L’enseignement musical ou la pédagogie de la motivation : entrevue avec Julie Mathieu

Julie MathieuJulie Mathieu enseigne la musique à l'école Jean-de-Brébeuf. Photo : Courtoisie

Saxophoniste professionnelle au sein de l’Ensemble vent et percussion de Québec et enseignante chevronnée dans le programme de concentration musique à l’école Brébeuf, Julie Mathieu transmet sa passion depuis près de vingt ans aux jeunes de Limoilou.

Par Chantal Lévesque

Nous l’avons rencontrée il y a quelques semaines pour découvrir les réalités, les bienfaits et les enjeux de l’enseignement de la musique au secondaire.
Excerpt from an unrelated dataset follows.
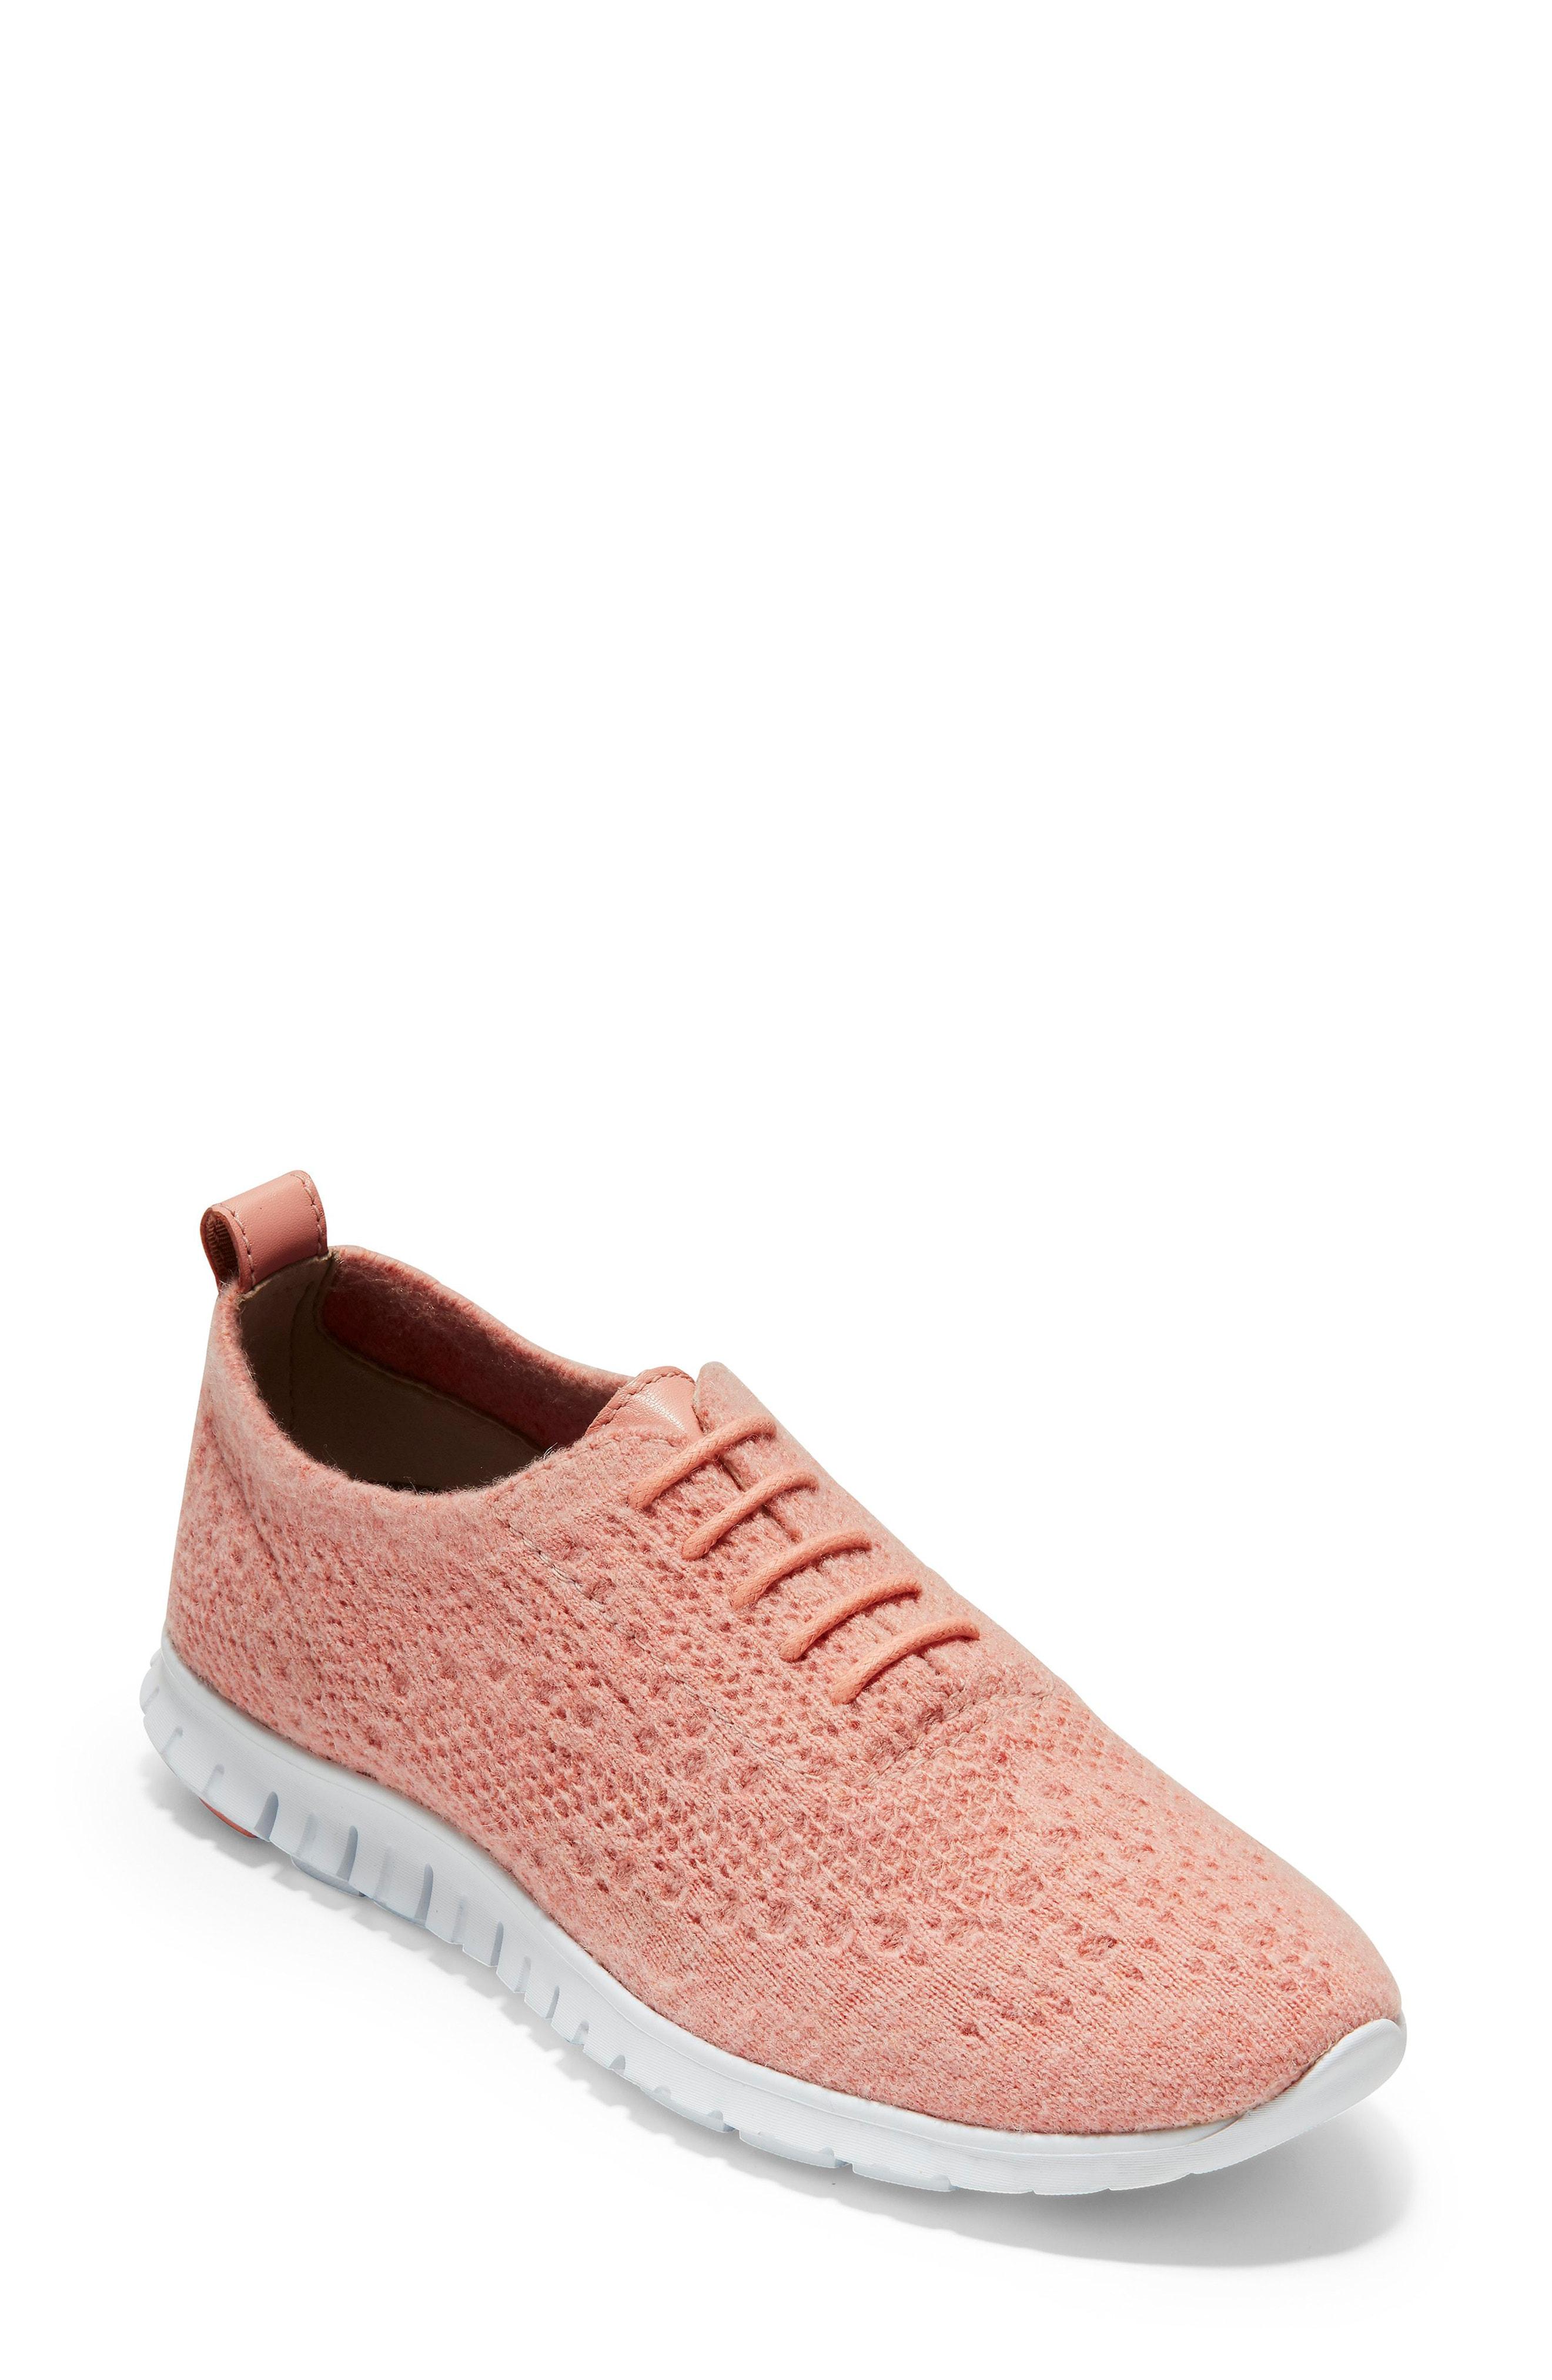 Cole Haan ZeroGrand Stitchlite Wool Flat (Women)

Comment décrivez-vous la concentration musique de Brébeuf aux amateurs de musique qui se demandent si ce programme conviendrait à son adolescent?

Pour faire un topo de la concentration musique, on est axé depuis toujours sur la pédagogie par projet. On apprend à l’intérieur d’un projet. Tout ce qu’on fait, on va le présenter quelque part, on va l’utiliser pour un concert, un concours, un camp musical, une vidéo, une production. L’aspect de motivation est toujours très présent, ça permet à l’élève de voir où ça va aboutir. On n’apprend pas pour un examen, on apprend pour une production. 
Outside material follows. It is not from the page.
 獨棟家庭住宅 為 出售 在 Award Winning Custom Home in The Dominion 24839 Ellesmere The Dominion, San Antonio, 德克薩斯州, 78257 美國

À Brébeuf, ce que tu vas vivre, c’est le « trip de gang ». Évoluer avec d’autres, être en contact avec les mêmes personnes pendant cinq ans, développer des relations d’amitié, bénéficier des forces de chacun. Et toi, tu vas aussi apporter quelque chose à quelqu’un d’autre. On n’est plus dans la compétition, on est dans la coopération.

Comment voyez-vous votre rôle auprès de jeunes? De quoi ont-ils besoin?

Moi, je me vois comme une facilitatrice. On met en place un département, des spécialistes, des répétitions, des ensembles sur l’heure du midi; ici le parascolaire est super fort, mais l’élève doit faire le travail lui-même. Je ne peux pas aller souffler dans son saxophone et appuyer sur les touches à sa place. On est là pour guider, ils font le travail.

Je trouve que l’analogie de la randonnée en montagne avec l’apprentissage de la musique est éloquente. Il faut travailler fort, ce n’est pas toujours facile, mais quand tu arrives en haut et que tu as la vue, tu oublies presque tout le reste. Tu vis le moment présent, le regard sur le paysage, le panorama. Je trouve ça extraordinaire. 

« Je trouve que l’analogie de la randonnée en montagne avec l’apprentissage de la musique est éloquente. »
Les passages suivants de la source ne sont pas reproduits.